The Nicaraguan Showcase

In late 2000, within the framework of the Post-Mitch Project in Nicaragua, the Ministry of Health assisted us in identifying two pilot municipalities, confronting different hazards, which would serve as “laboratories” for the development of municipal-level methodologies for the drafting and validation of emergency plans. The goal was to build capacity building as close as possible to the people who suffer most directly the consequences of an adverse natural event.

An interinstitutional process was launched involving key partners such as health personnel, the staff of water and sanitation utilities, the mayor’s office, NGOs active in the health sector, and community organizations.

Participants agreed that the top priority was drafting an emergency plan that would take into account various disaster scenarios. It would consist of a preparedness plan and a response plan. We collaborated with the Ministry of Health in writing methodological guidelines on how to draft such a plan. The guidelines, which were tailored to the country’s needs, were tested in the ten municipalities of the department (province) of Rivas, in the southwest of the country.
Encouraged by the success and outstanding reception of the project at the local level, the Ministry of Health‘s Disaster Technical Liaison Unit (TLU) asked PAHO/WHO’s Emergency Preparedness and Disaster Relief Coordination Program (PED) for assistance in the implementation of these technical guidelines throughout the country.
The Impact

Between November 2000 and June 2003, the team managed to extend coverage to 120 of Nicaragua’s 153 municipalities.

In several emergencies, such as the potentially devastating wildfires that hit Northern Nicaragua in 2002, the plans, which included coordination mechanisms and other tools, showed their effectiveness.

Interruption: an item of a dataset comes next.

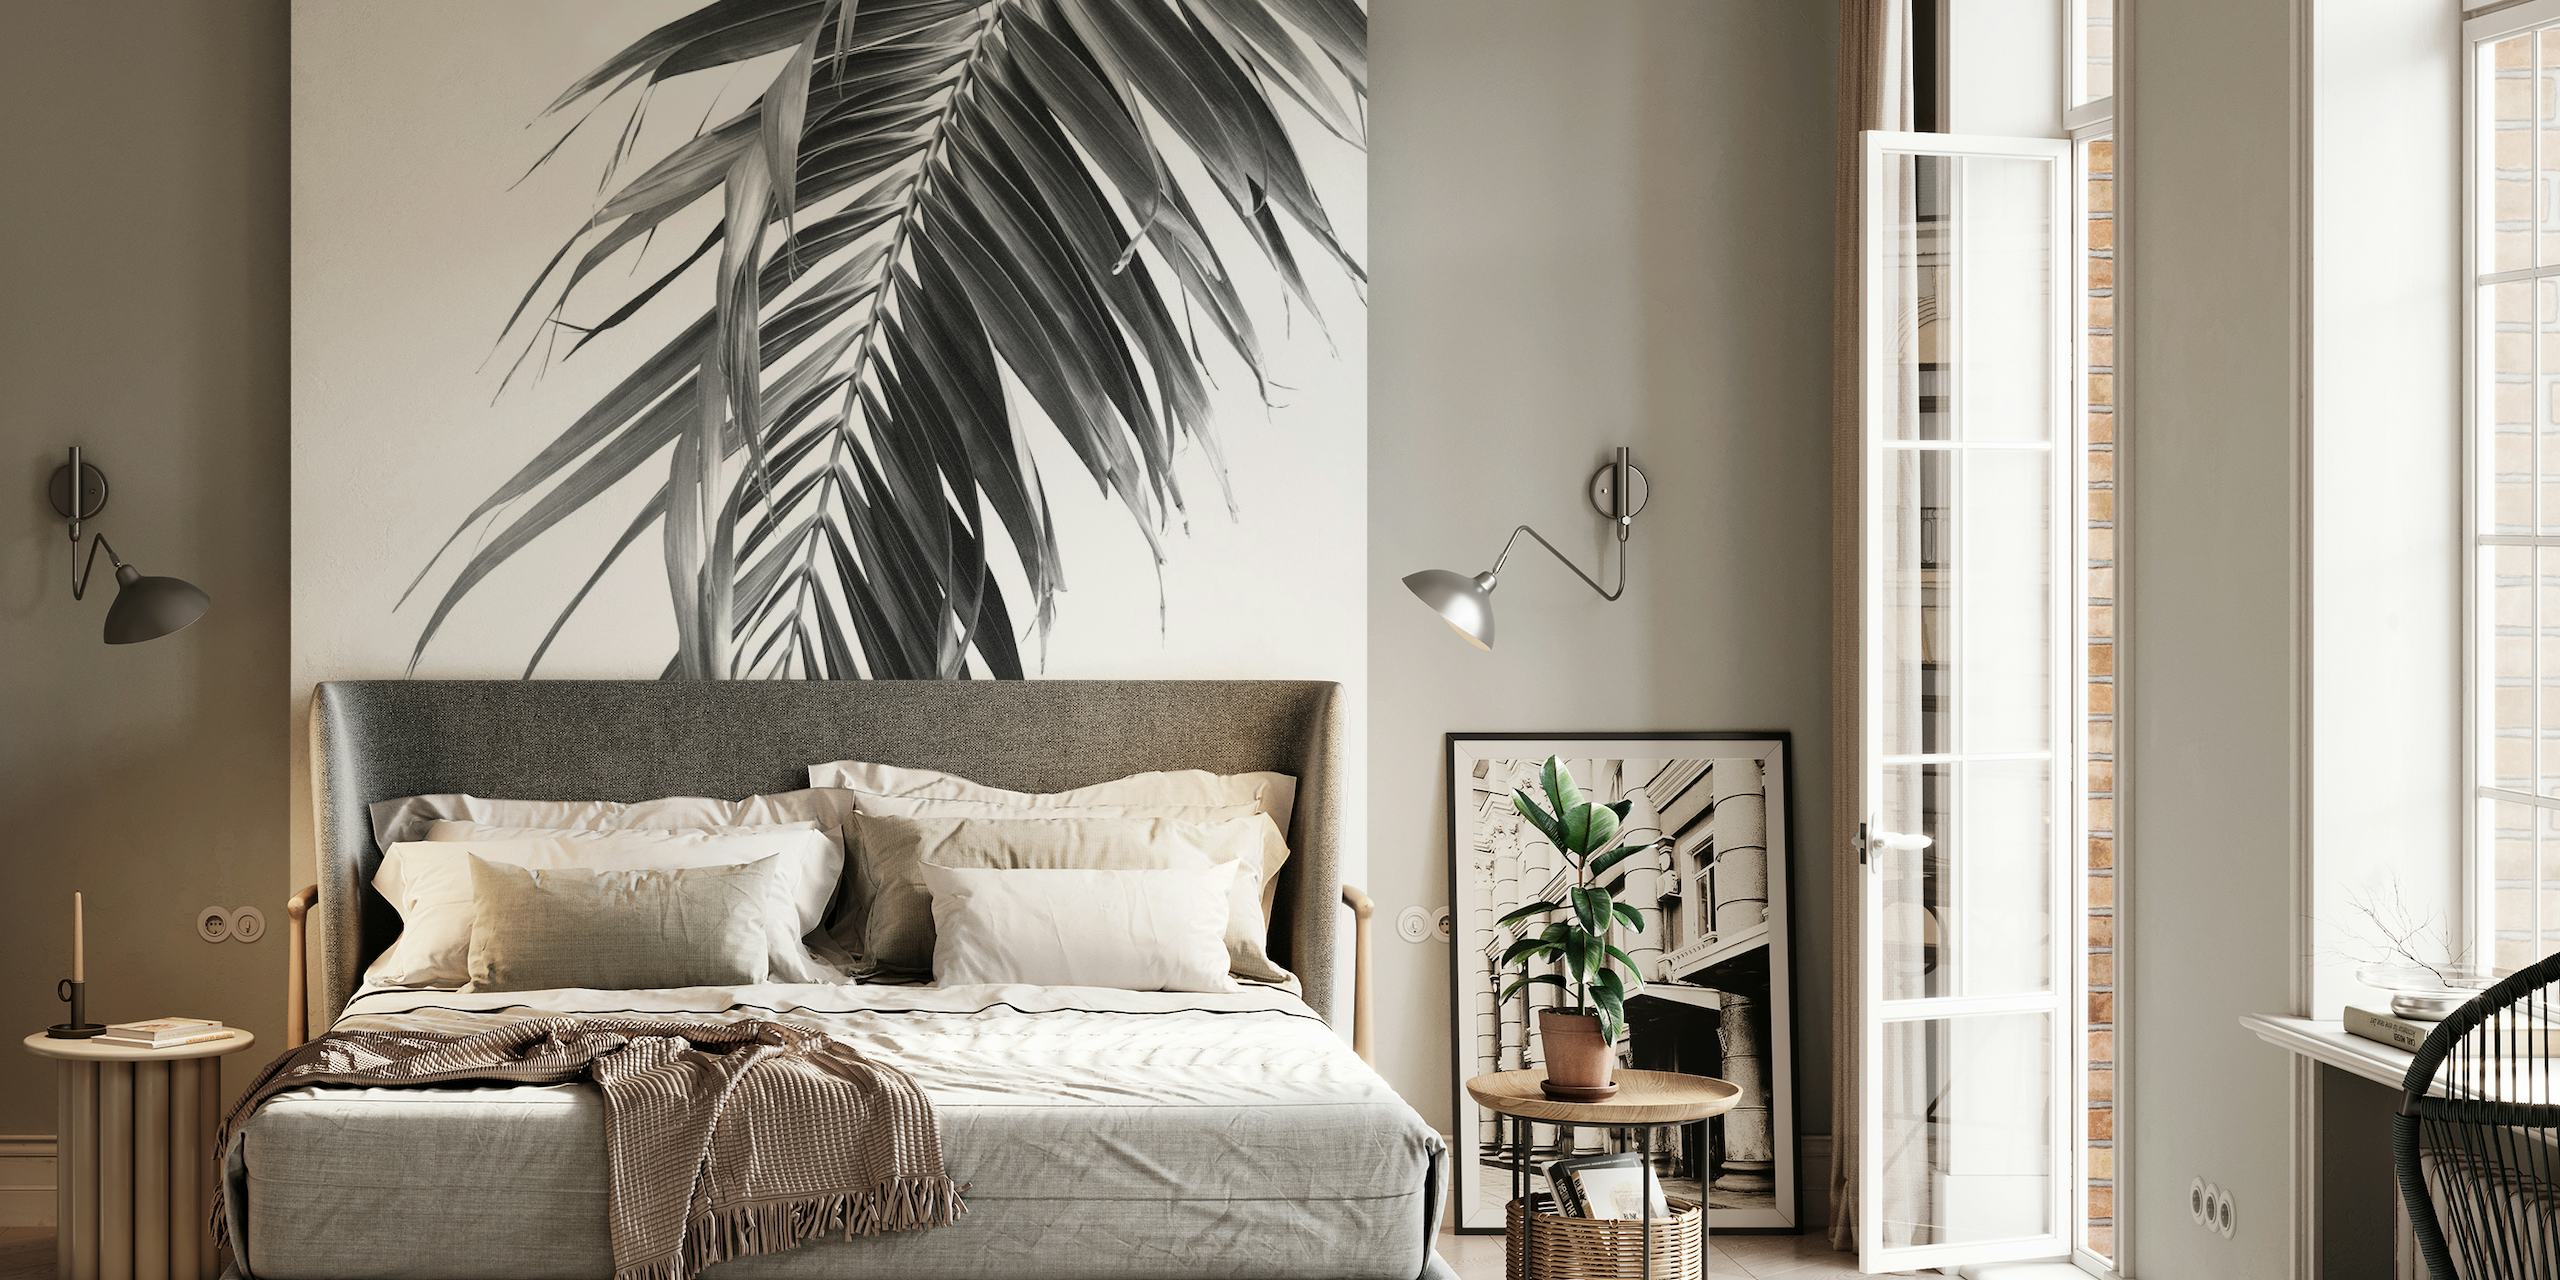 Palm Leaf Jungle wall mural with shades of green and intricate leaf designs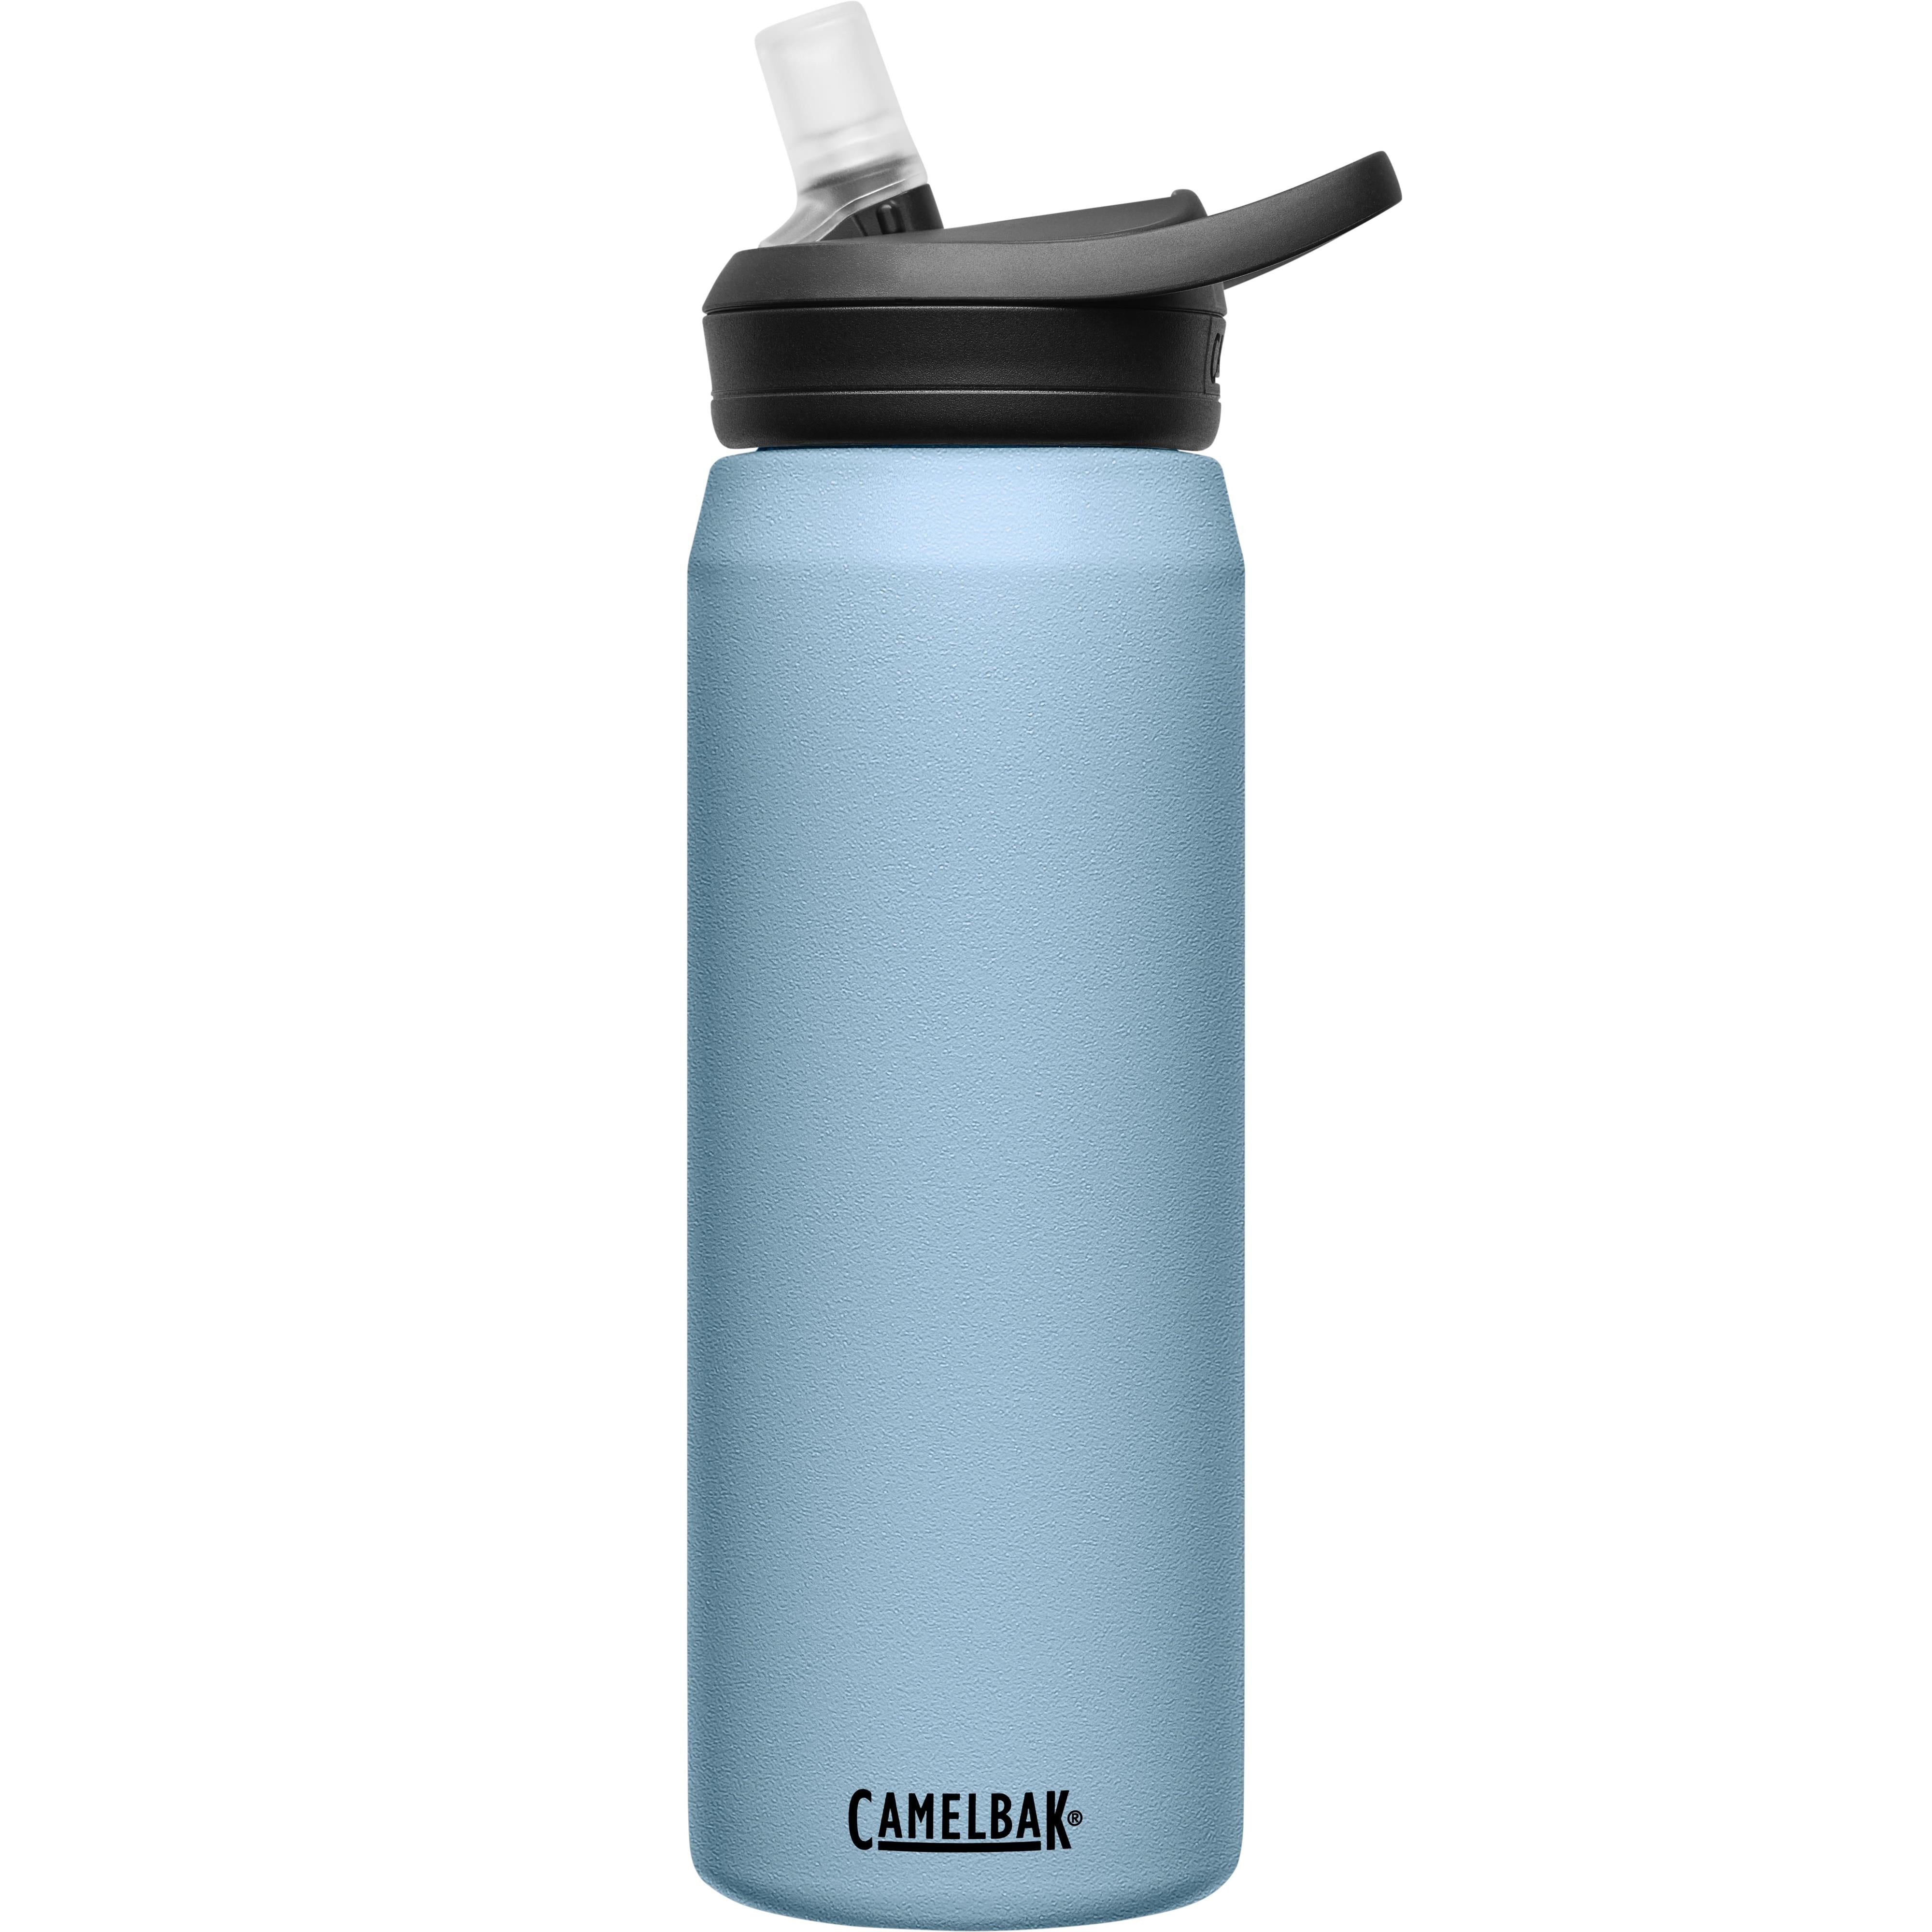 GOURDE ISOTHERME BETTER IN THE MOUNTAINS Flasks - Flasks

Other projects, such as Forsima (sponsored by the European Union), as well as other organizations like the Red Cross, started expressing interest in the initiative and are now actively collaborating in the implementation of the strategy. Such strategic partnerships will undoubtedly contribute to the project’s sustainability. Thousands of people belonging to a variety of organizations, from the municipal to the national level, have participated in the process, generating a critical mass throughout the country.
The Strategy

Two years ago, the Minister of Health entrusted the municipal directors and epidemiologists of the departmental coordinating units with carrying out the government’s share of the initiative, overseen at the national level by the TLU. PAHO/WHO recruited a team of three field officers who facilitated the process by:

• Programming activities;
• Running two day training workshops for some 20
members of various organizations at each municipality.
• Providing advice during the drafting of the emergency
plans;
• Disseminating the finished plans; and
• Organizing drills or simulations to test their effectiveness.
Once the plan is approved, the municipal health director distributes copies to the mayor’s office and the departmental coordination unit.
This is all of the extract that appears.